_TASK ITEM_. Each record that comes next should be output exactly; pictures do not belong in the copy.
-- Opening Marker --
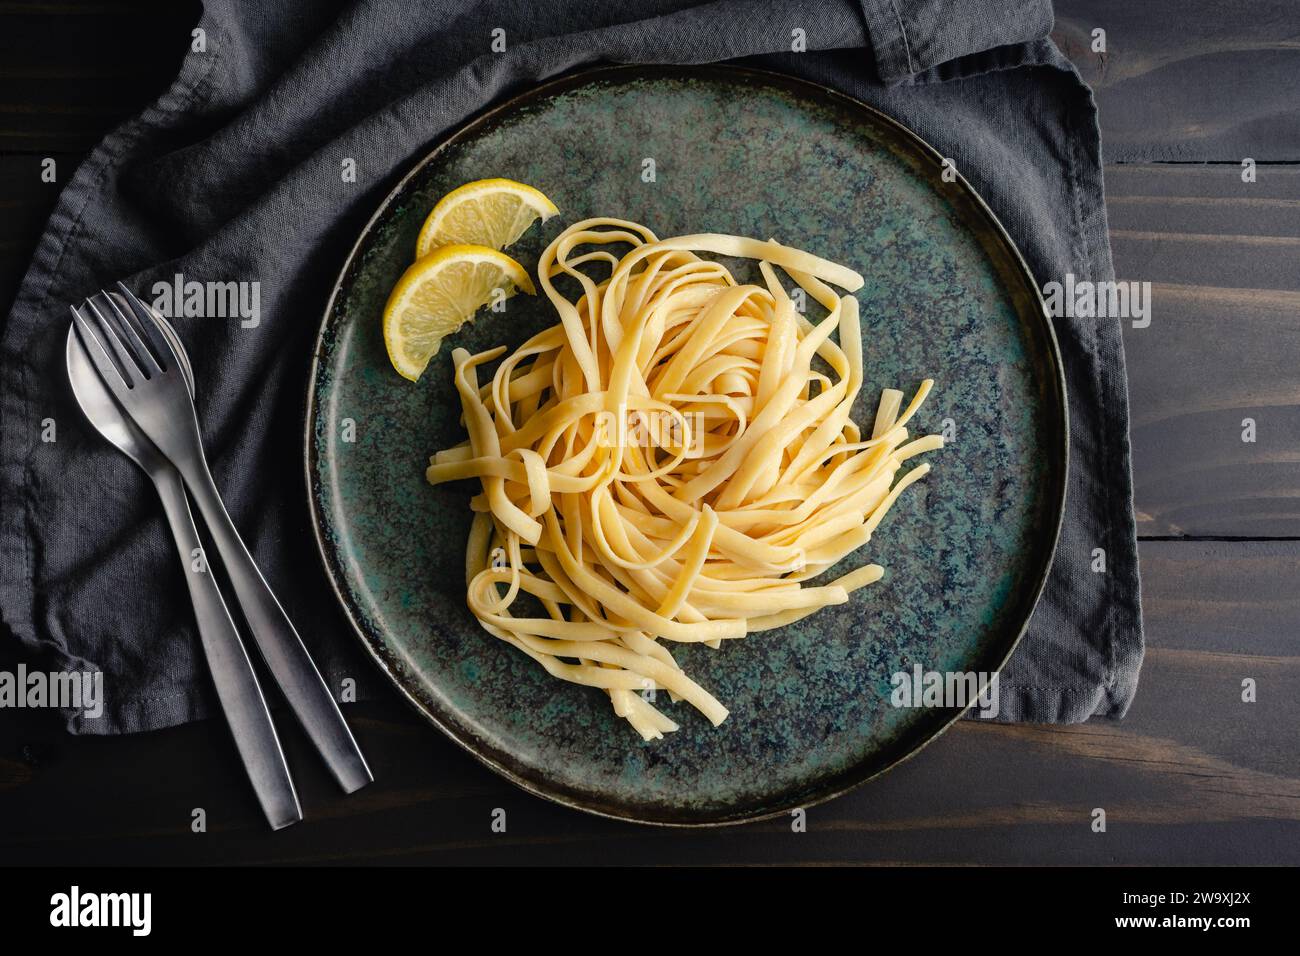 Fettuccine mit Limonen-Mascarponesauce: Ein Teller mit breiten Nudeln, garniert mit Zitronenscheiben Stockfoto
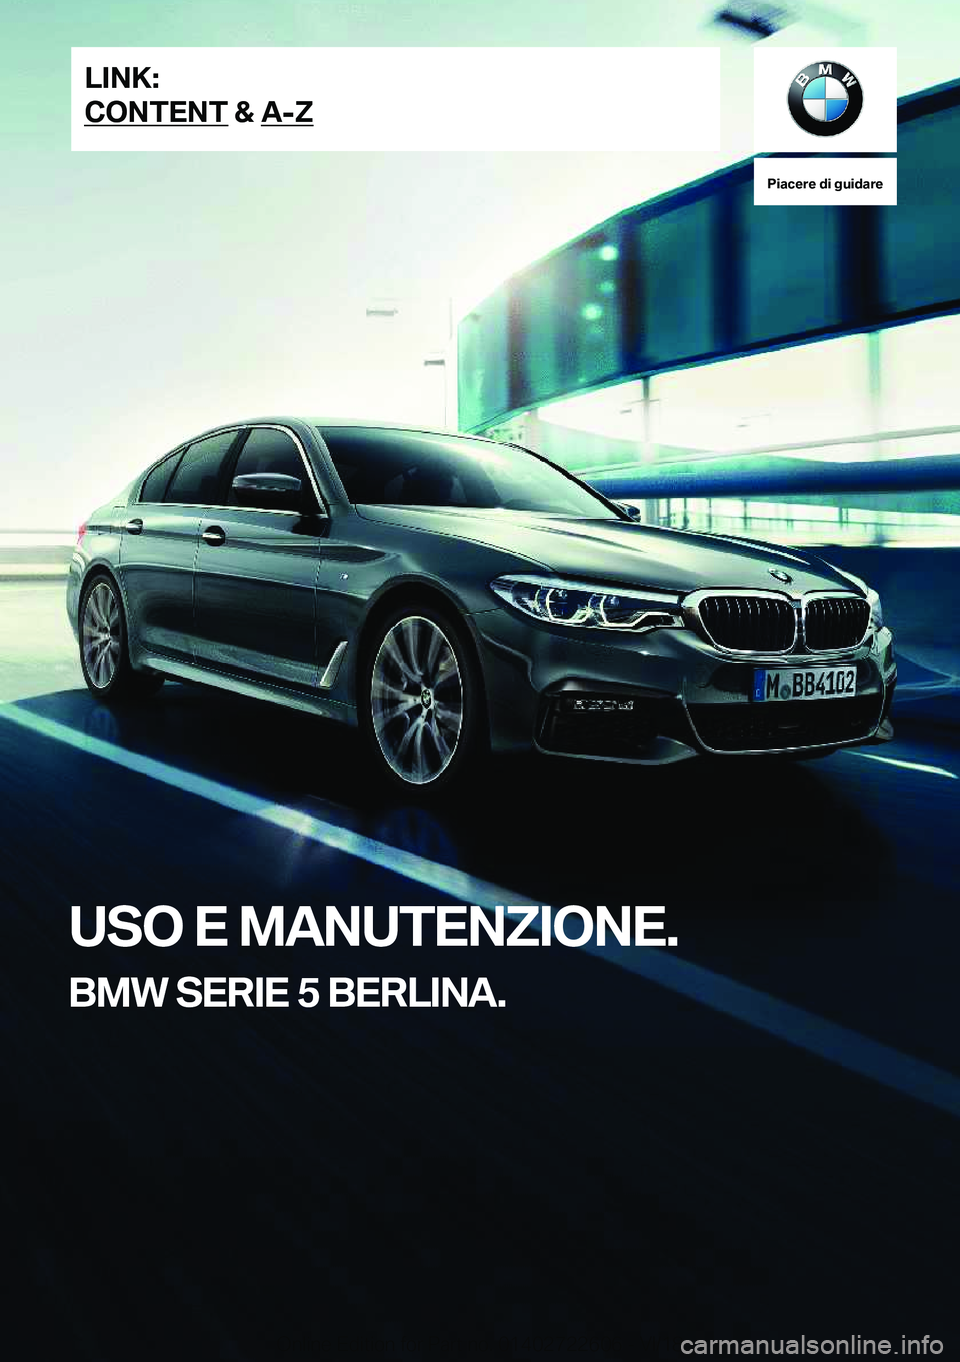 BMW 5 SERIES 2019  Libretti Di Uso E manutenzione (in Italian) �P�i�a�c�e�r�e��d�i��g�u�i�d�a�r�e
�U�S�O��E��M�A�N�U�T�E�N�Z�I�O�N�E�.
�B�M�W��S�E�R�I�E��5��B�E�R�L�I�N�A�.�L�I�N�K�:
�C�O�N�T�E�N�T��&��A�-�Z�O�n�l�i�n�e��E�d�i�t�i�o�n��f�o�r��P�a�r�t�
-- Closing Marker --
_COMPLETED EXERCISE_.
 Fettuccine mit Limonen-Mascarponesauce: Ein Teller mit breiten Nudeln, garniert mit Zitronenscheiben Stockfoto
 BMW 5 SERIES 2019  Libretti Di Uso E manutenzione (in Italian) �P�i�a�c�e�r�e��d�i��g�u�i�d�a�r�e
�U�S�O��E��M�A�N�U�T�E�N�Z�I�O�N�E�.
�B�M�W��S�E�R�I�E��5��B�E�R�L�I�N�A�.�L�I�N�K�:
�C�O�N�T�E�N�T��&��A�-�Z�O�n�l�i�n�e��E�d�i�t�i�o�n��f�o�r��P�a�r�t�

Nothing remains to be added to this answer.